You can run sysdig in two modes.
You can view the the real-time stream of server activity live, or you can save records of system operations to a file for later offline analysis.
Since you will most likely want to use the second option, that is what we will cover here. Note that when saving system activity to a file, sysdig takes a full snapshot of the operating system, so that everything that happens on your server during that interval of time will be available for offline analysis.
Note: When you run sysdig commands, please make sure that each option is preceded by a single short dash. Copying and pasting may cause an issue where a single dash is pasted as a long dash and therefore not recognized by the program.
Let’s run a basic sysdig command to capture 1000 lines of server activity.
To capture system activity to a file named
act1.scap, and limit the output to 1000 events, run the following command (omit the
-n 1000 part if you want to run sysdig for an unspecified period of time). The
-z switch is used to enable compression of the trace file.
sudo sysdig -w act1.scap.gz -n 1000 -z
Note: If you omitted the -n switch in the last step, you can interrupt the execution of sysdig by pressing the CTRL + C key combination.

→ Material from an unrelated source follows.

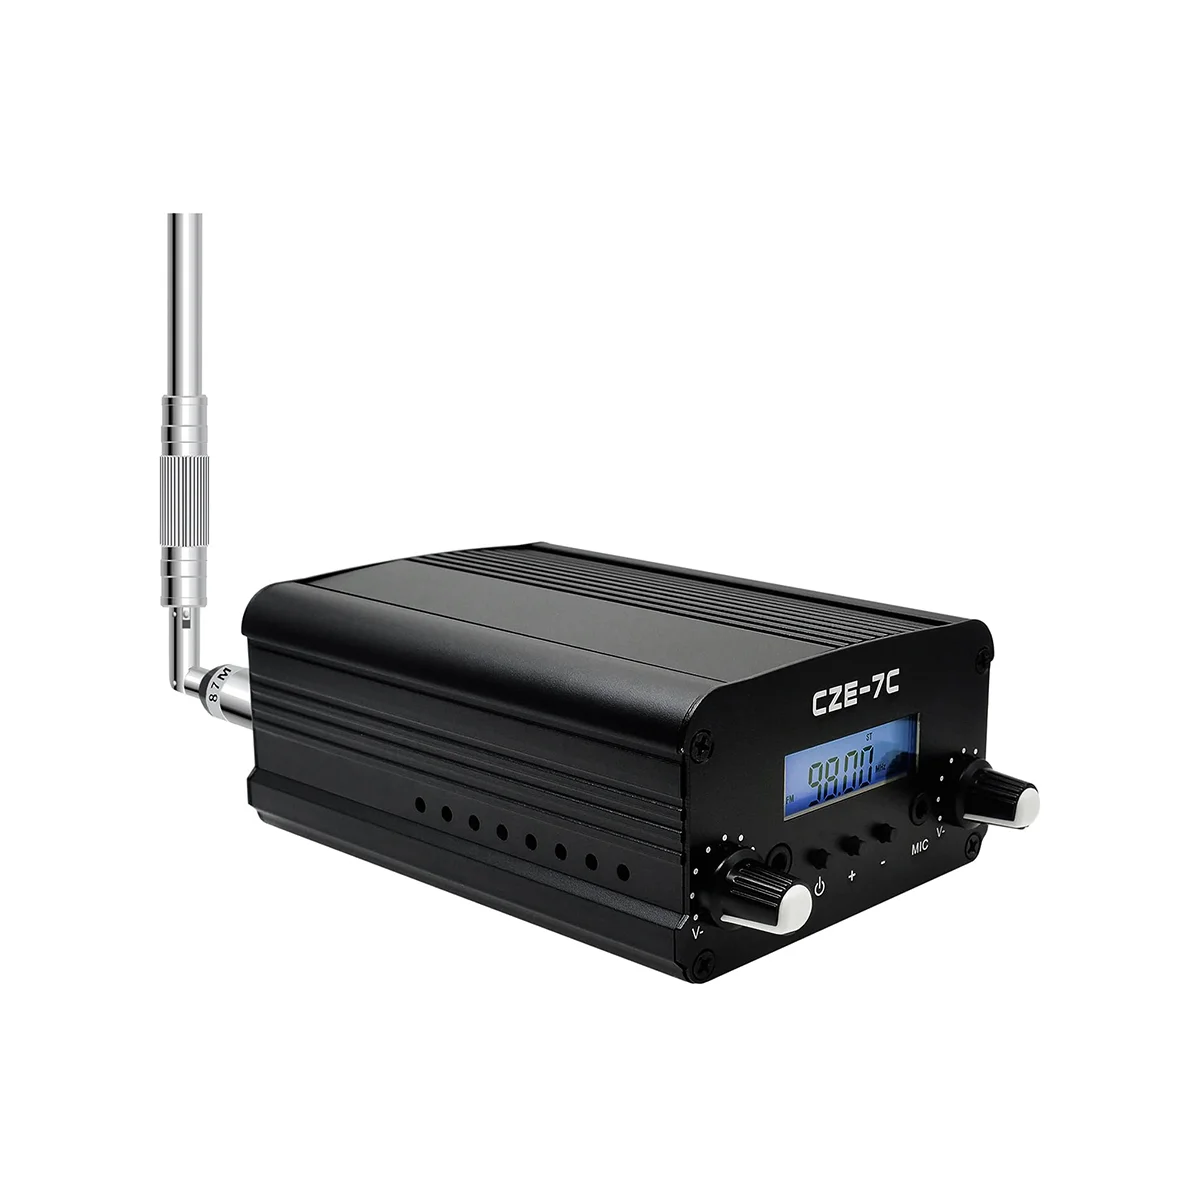 

CZE-7C 7W Long Range FM Transmitter for Drive-in Church, School & Supermarket Events, Light Shows Conference Stereo
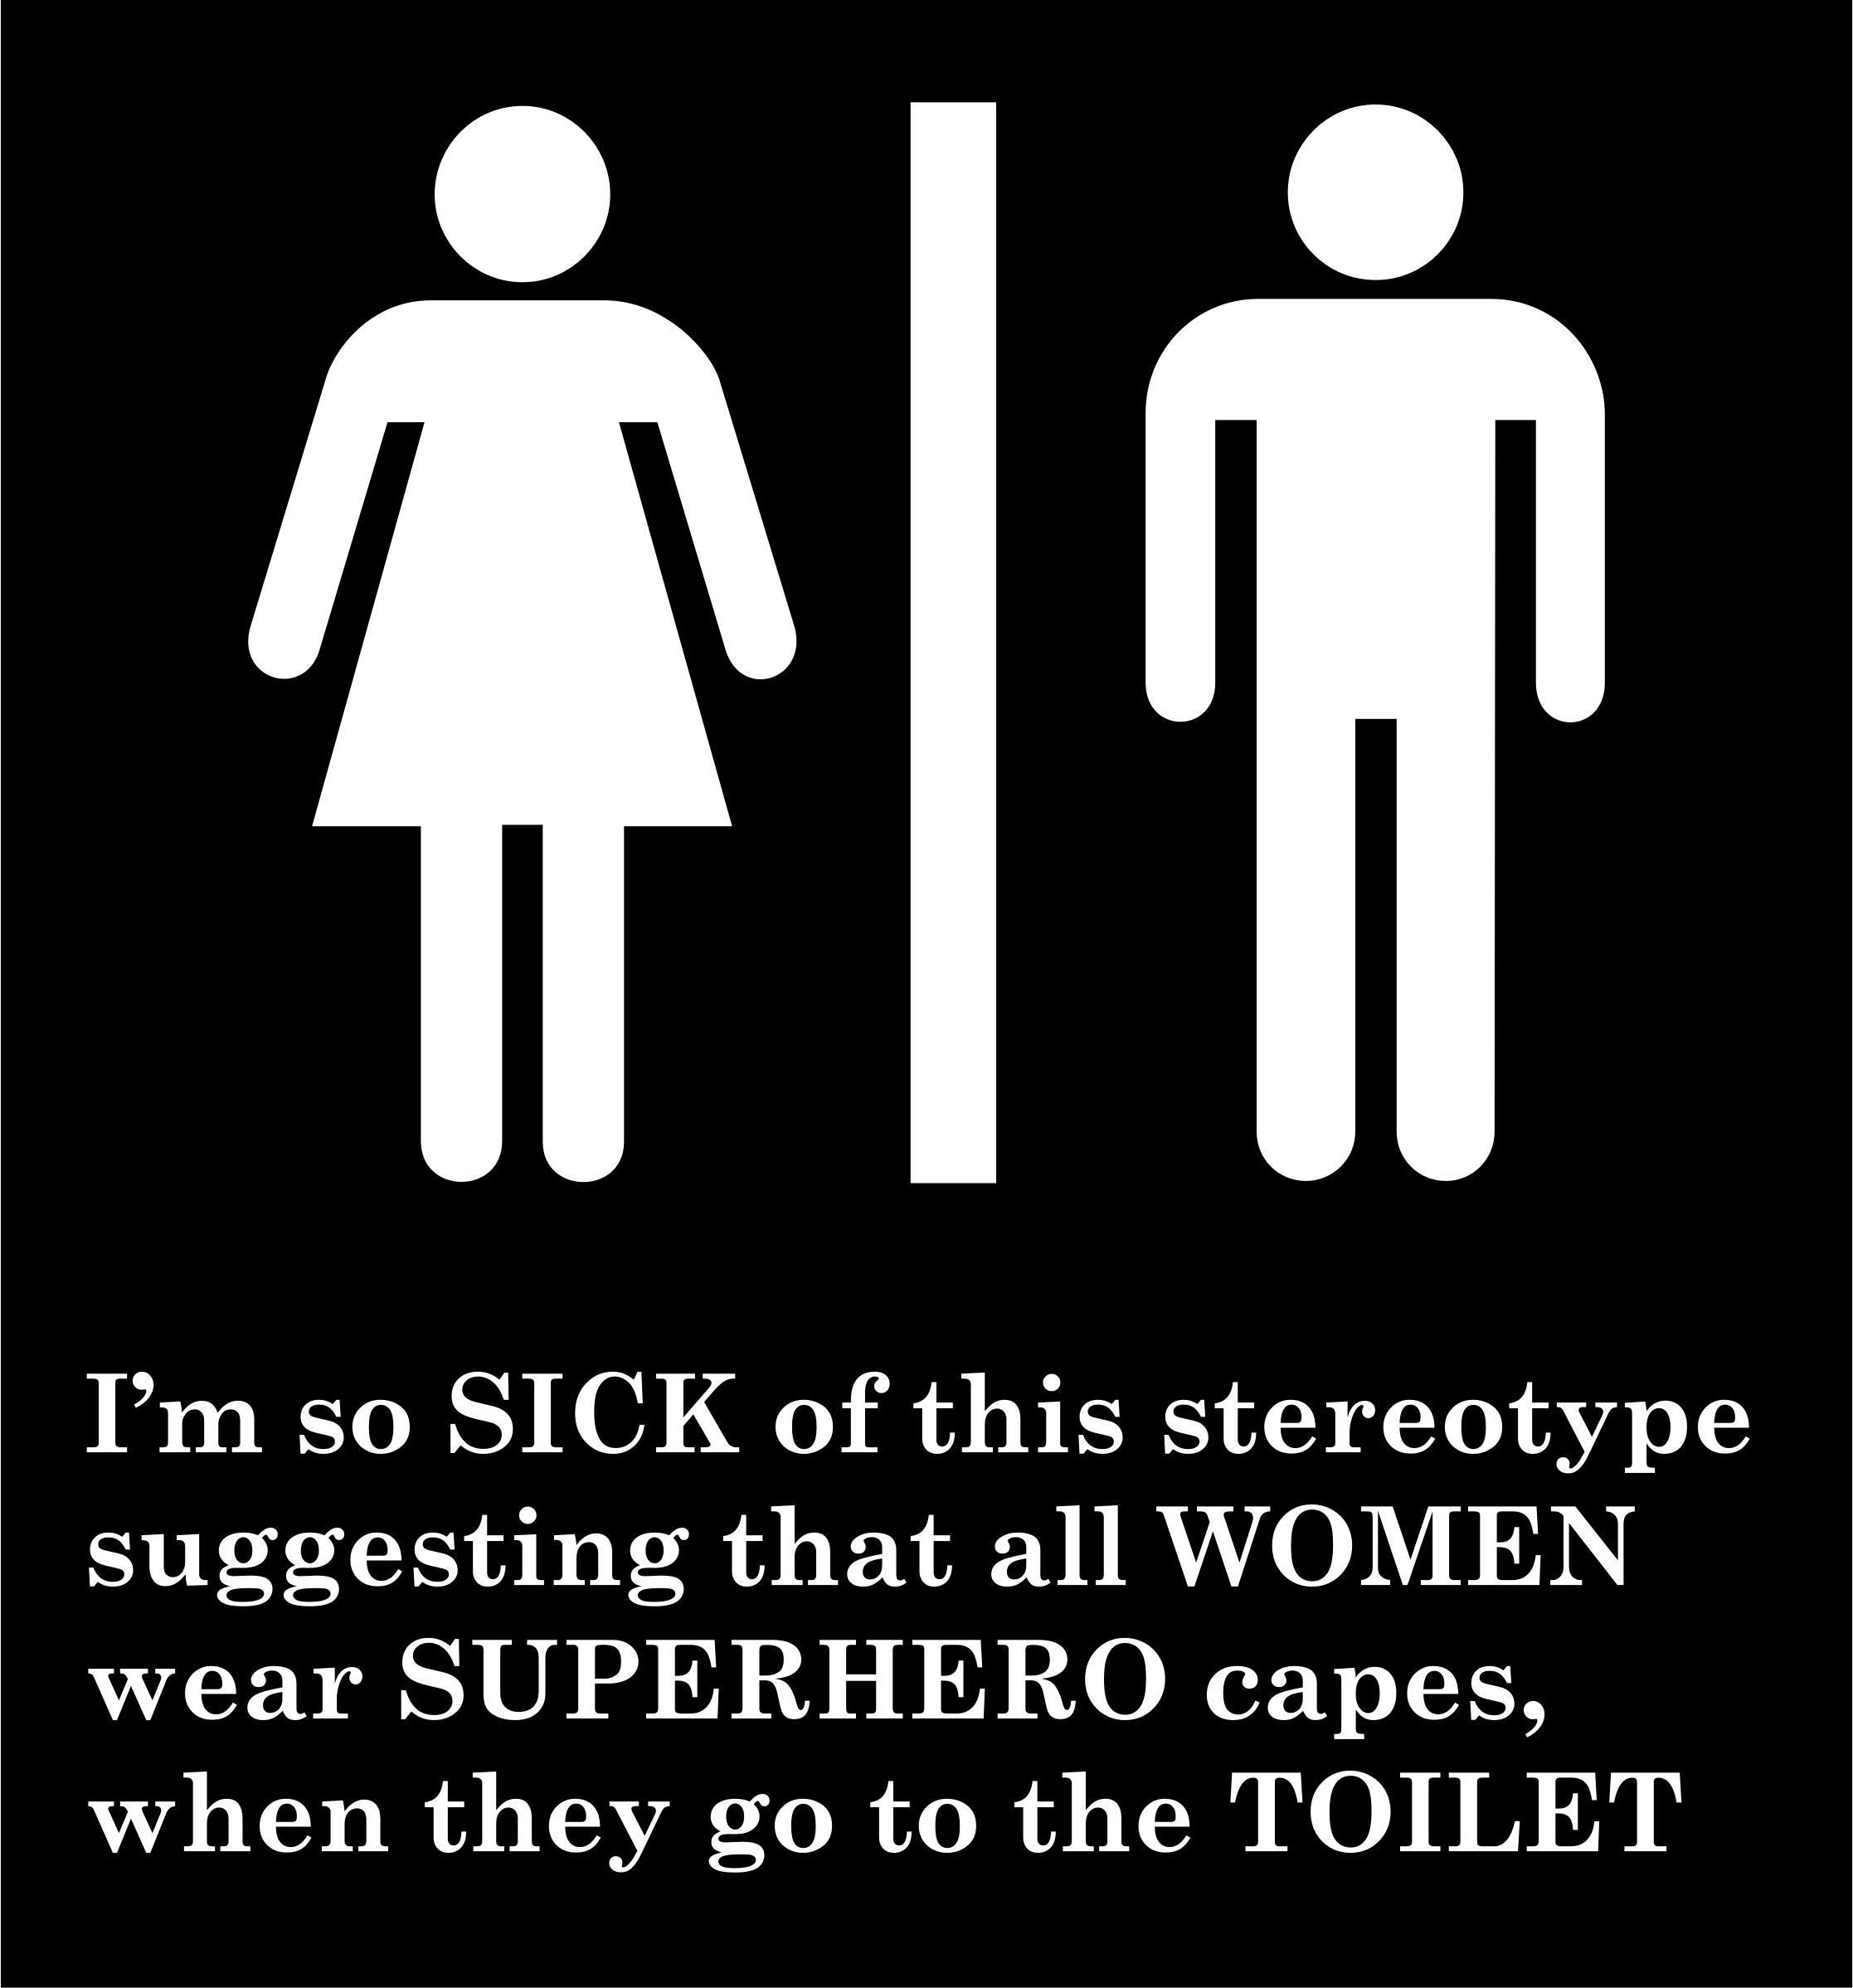 Bathroom Sign Stereotype, by GDJ png

Chisels are sysdig scripts. To display a list of the available chisels, we need to run the following command:
sudo sysdig -cl
In order to audit the network traffic on our CentOS 7 LAMP server using the trace file created by sysdig, we will use the chisels available under the Net category:
Category: Net ------------- iobytes_net Show total network I/O bytes spy_ip Show the data exchanged with the given IP address spy_port Show the data exchanged using the given IP port number topconns top network connections by total bytes topports_server Top TCP/UDP server ports by R+W bytes topprocs_net Top processes by network I/O
Further description of a specific chisel, along with instructions for its use, can be viewed with:
sudo sysdig -i chisel name
sudo sysdig -i spy_ip
Category: Net ------------- spy_ip Show the data exchanged with the given IP address shows the network payloads exchanged with an IP endpoint. You can combine this chisel with the -x, -X or -A sysdig command line switches to customize the screen output Args: [ipv4] host_ip - the remote host IP address [string] disable_color - Set to 'disable_colors' if you want to disable color output
Args section indicates whether you need to pass an argument to the chisel or not. In the case of
spy_ip, you need to pass an IP address as an argument to the chisel.
Let’s walk through a practical example of how to use sysdig to analyze bandwidth use and see detailed information about network traffic.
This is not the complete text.